Techniques such gastric lavage are explained together with the pros and cons of doing it as well as the induction of emesis and Whole Bowel Irrigation.


Other techniques which any house officer in this emergency setting should be familiar with including, alkaline diuresis and acid diuresis as well as those reserved for more experienced doctors such as peritoneal dialysis and haemoperfusion are also dealt with in the book.

The guidance he gives on the management of anaphylaxis would be useful to doctors not only in the case of poisoning but in other instances as well.

Special instructions are given for cases of inhalation, eye irritation by poisons and for cases of skin contact.
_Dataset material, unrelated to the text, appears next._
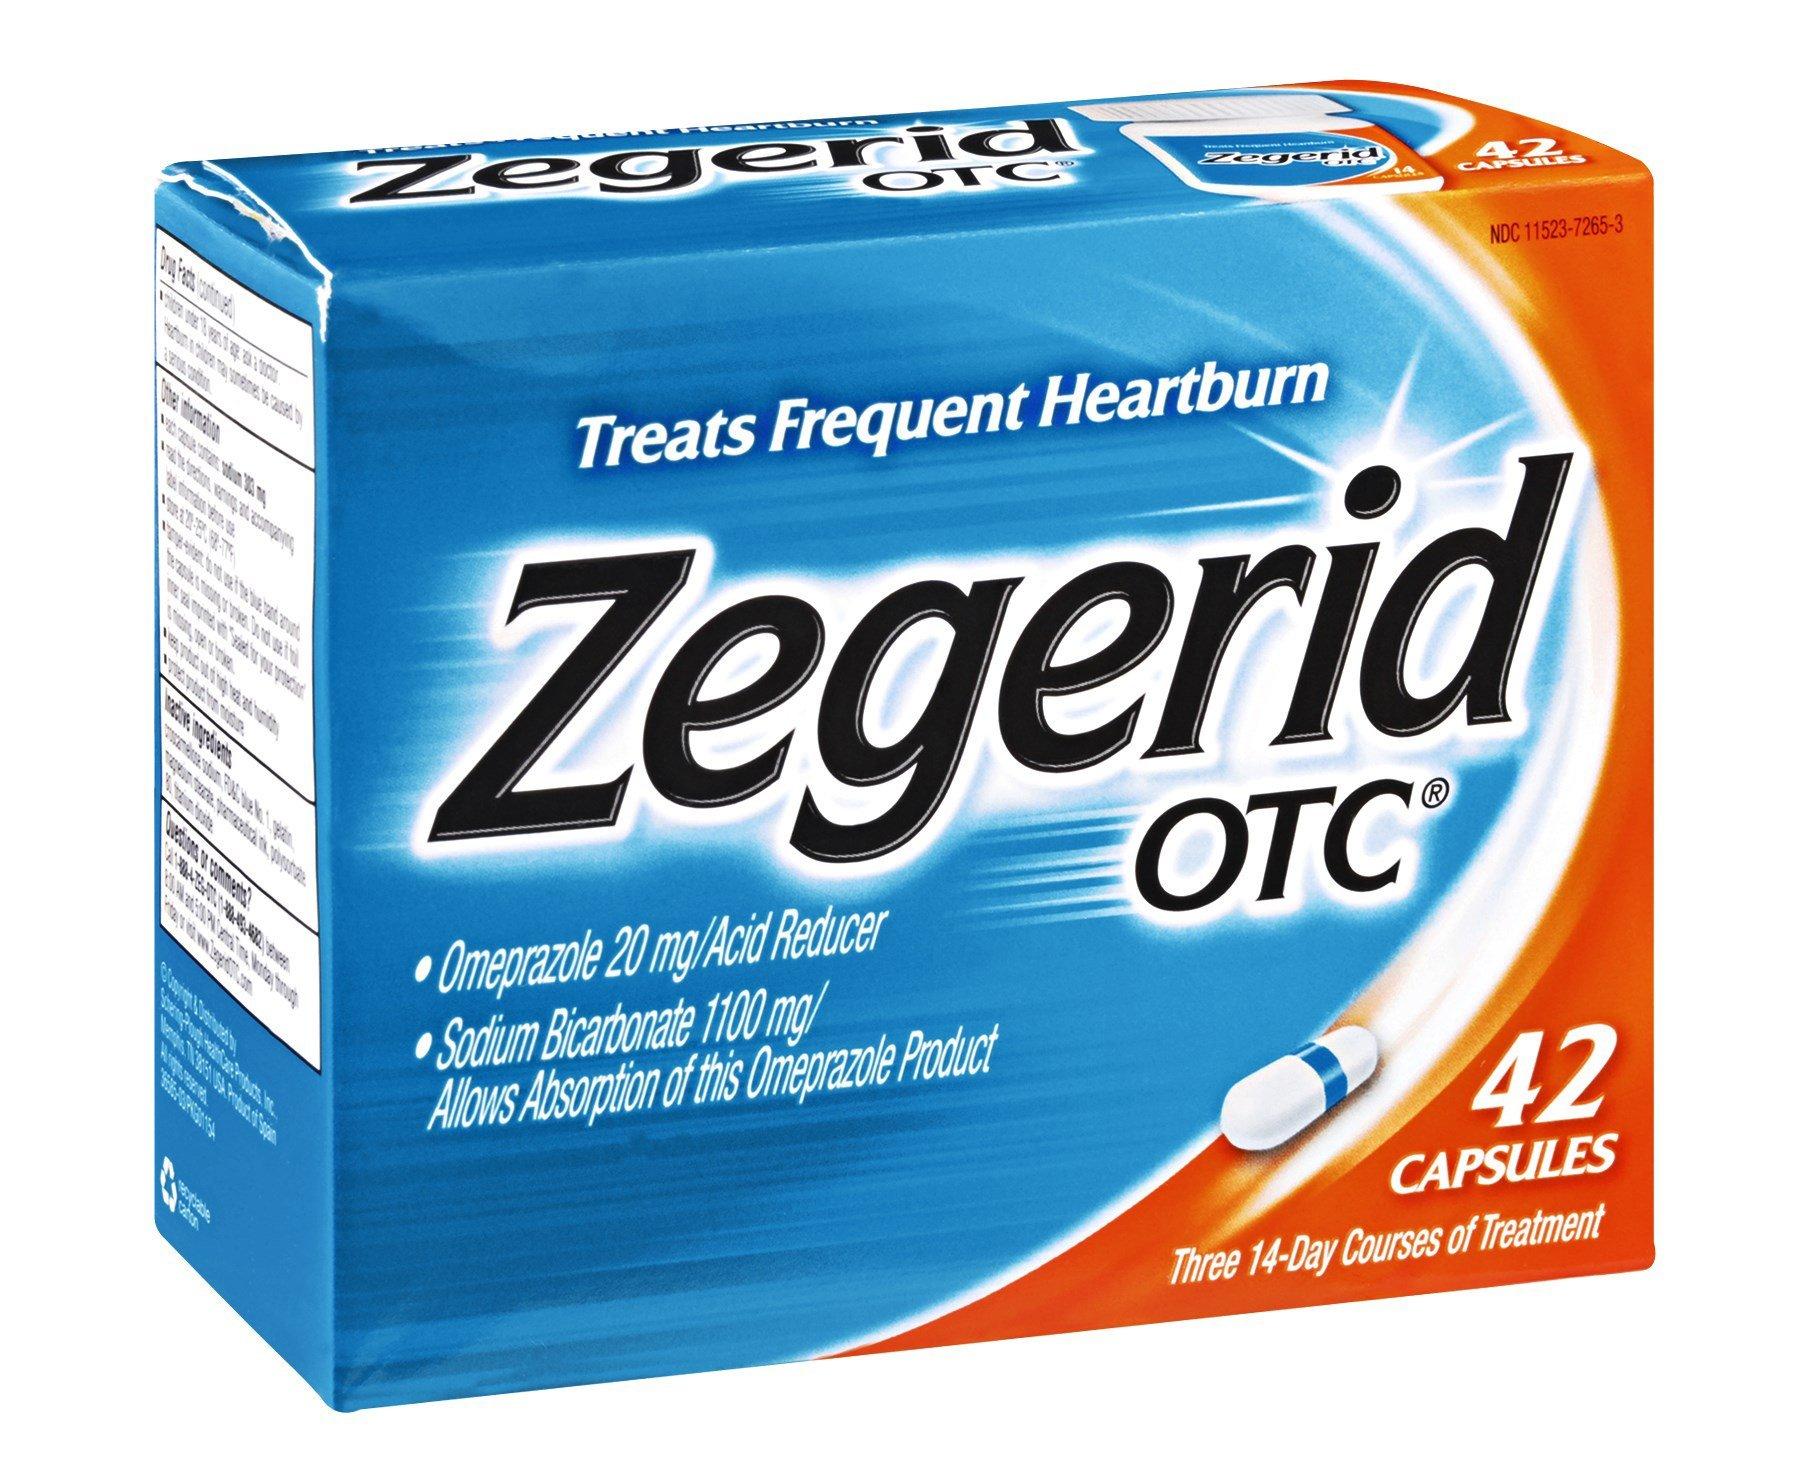 Zegerid OTC Capsules, Pack of 4

Much of the book deals with clinical features and management of some commonly encountered or easily accessible poisons.

The book has several chapters and sections. In the first chapter, the basic principles of management of poisoning are discussed. The chapter on “Medico-Legal Aspects of Poisoning” considers some of the issues physicians face in their practice.

The “General Index” helps the reader to check poisons or groups of poisons discussed in this book. With the assistance of the Registrar of Pesticides and the members of his office the “Pesticide Generic Name Index” and a “Pesticide Trade Name Index” have been included which help to identify pesticides.

Prof. Ravindra Fernando does not stop at just treatment.

He stresses on following up as well.

He says that ‘once the patient is fit to be discharged, doctors should carefully assess his or her socio-economic and psychological status.


The reason to consume poison must be determined. Doctors or nurses should counsel them adequately before discharge’.

I understand that a team of local and foreign experts in toxicology have also provided advise to Prof. Fernando on some sections of this useful book, which is I am sure will be referred to many times a day by doctors, especially in rural hospitals in Sri Lanka, where poisoning is a major killer.

No review of a book is complete without a few words on the man whose pen was behind the writing.

Professor Ravindra Fernando my beloved teacher, qualified as a doctor with M.B.B.S. (Ceylon) from the University of Sri Lanka in 1975. He passed his Diploma in Medical Jurisprudence (Clinical and Pathology) London in 1980.

He also has the degrees of FRCP from the Royal Colleges of Physicians, London, Edinburgh and Glasgow, FRCPath.(UK), MD (Sri Lanka), FCCP and FCCGP.

He is the recipient of WHO Fellowships on ‘Medical Education’.

He has over 80 academic publications and presentations to his credit and has written over 15 books, published in Sri Lanka and abroad.


He has held many prestigious positions in including the President of the Asia Pacific Association of Medical Toxicology, the founder Secretary General of the Indo-Pacific Association of Law, Medicine and Science, President of the Sri Lanka Medical Association, President of the Ceylon College of Physicians, President of the College of Forensic Pathologists of Sri Lanka and the Chairman of the Board of Studies in Forensic Medicine, Post Graduate Institute of Medicine, University of Colombo.

Most of all he is The Father of the National Poisons Information Centre, which he established in the General Hospital, Colombo using funds mobilised from his own personal efforts through the International Development Research Centre (IDRC), Canada and other donors.

WManagement of Poisoning is available at the office of the Sri Lanka Medical Association (SLMA), Colombo 7, and the Department of Forensic Medicine and Toxicology, Faculty of Medicine, Colombo 8.